Em seu mais recente estudo, o autor do livro How Enlightenment Changes Your Brain (“como a iluminação muda o seu cérebro”, em tradução livre) observou uma redução significativa da atividade cerebral em 250 pessoas que oravam todos os dias e relatavam encontrar sensação de alívio e bem-estar na prática. Por meio de escaneamentos cerebrais, ele e sua equipe analisaram o comportamento e a perspectiva de vida de praticantes de variadas tradições religiosas, como budistas, freiras franciscanas, cristãos pentecostais, médiuns brasileiros e até adeptos do sufismo.
A diminuição da atividade no lobo parietal, que acontece durante a oração, sugere uma perda do sentido do eu.
“Recentemente, também, concluímos uma análise de dados de quase 2000 pessoas sobre suas experiências espirituais mais intensas”, Newberg conta.
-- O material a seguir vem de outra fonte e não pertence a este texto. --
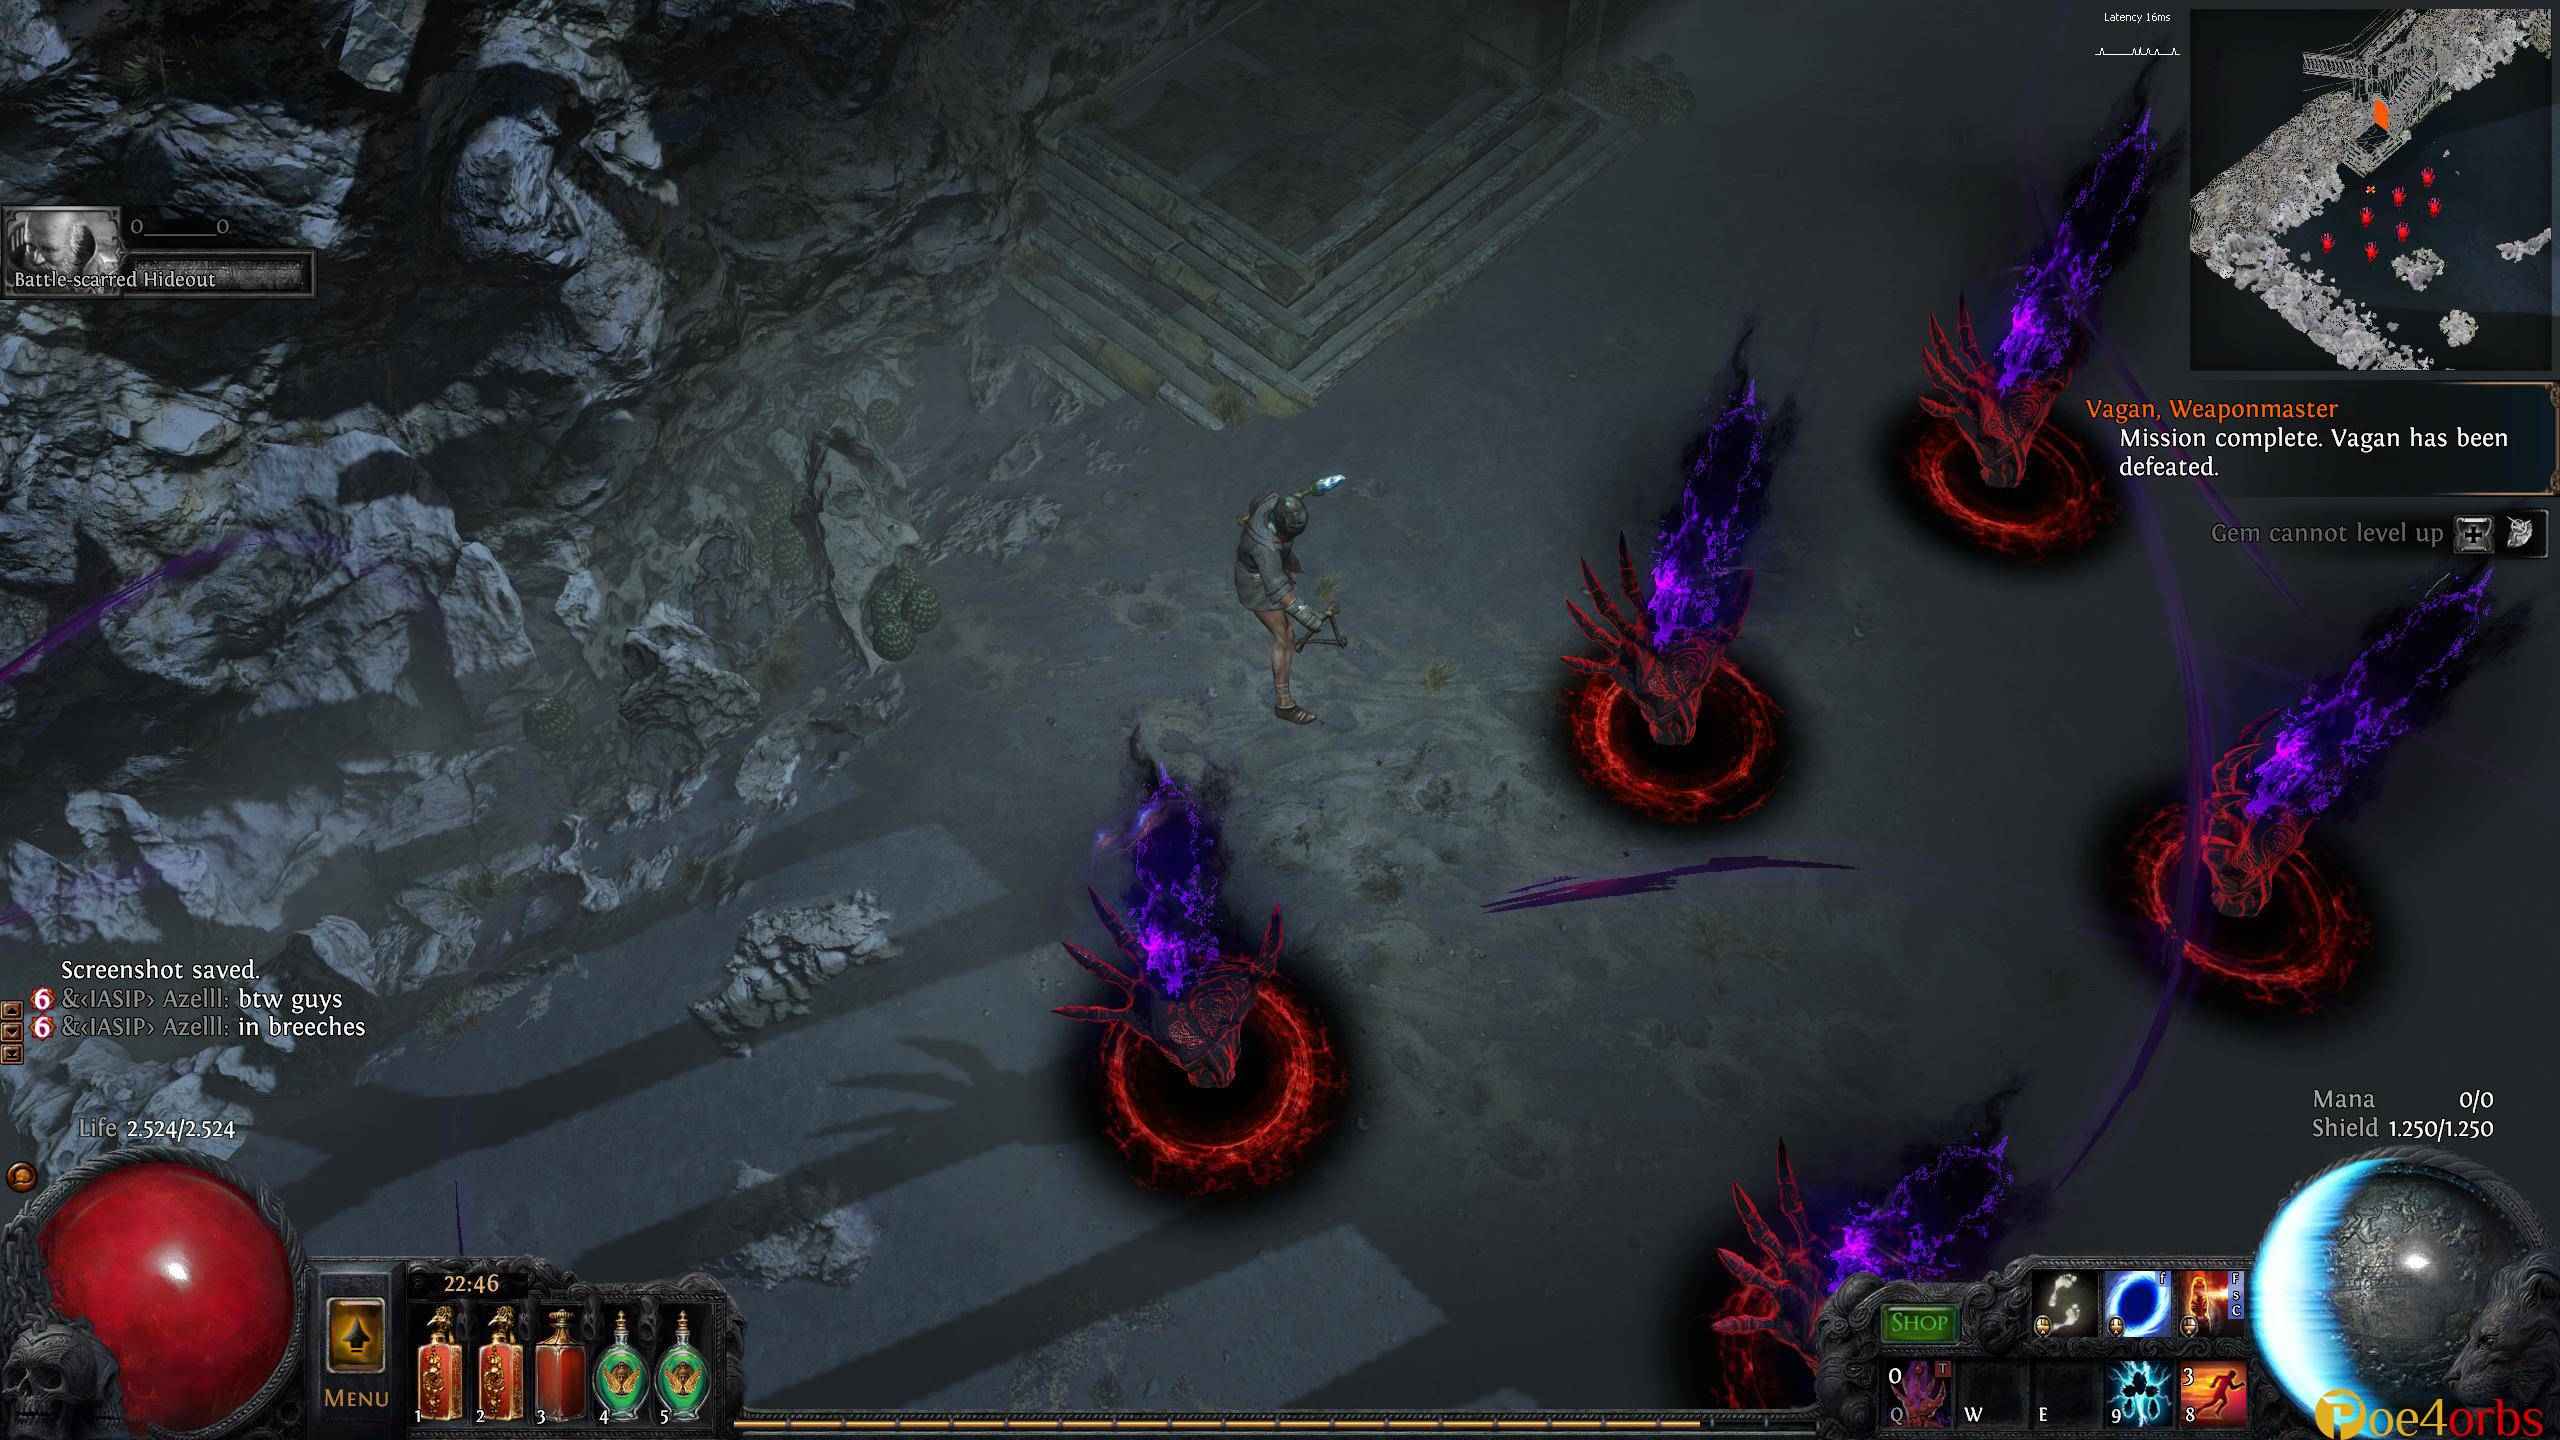 Shapers orbs are permanent like bandit rewards

Isso foi o que, segundo ele, revelou informações importantes sobre a natureza subjetiva dessas experiências e forneceu material com o qual ele pudesse combinar os dados obtidos nos escaneamentos.
“Muitas pessoas descreveram sentimentos de conexão intensa ou unicidade com o universo, algo que acreditamos estar associado à diminuição da atividade no lobo parietal”, o pesquisador explica. “O lobo parietal está localizado na parte de trás do cérebro e ajuda a estabelecer o sentido espacial de nós mesmos. A diminuição da atividade nesta região, algo que acontece durante a oração, sugere uma perda do sentido do eu e uma perda do sentido do espaço e do tempo”.

Um caminho no meio
De acordo com Newberg, é a perda de sentido que poderia ser justamente a causa da profunda sensação de bem-estar. Afinal, ao nos desligarmos do mundo físico, perdendo a noção controladora do tempo e do espaço, podemos descansar a mente e o corpo.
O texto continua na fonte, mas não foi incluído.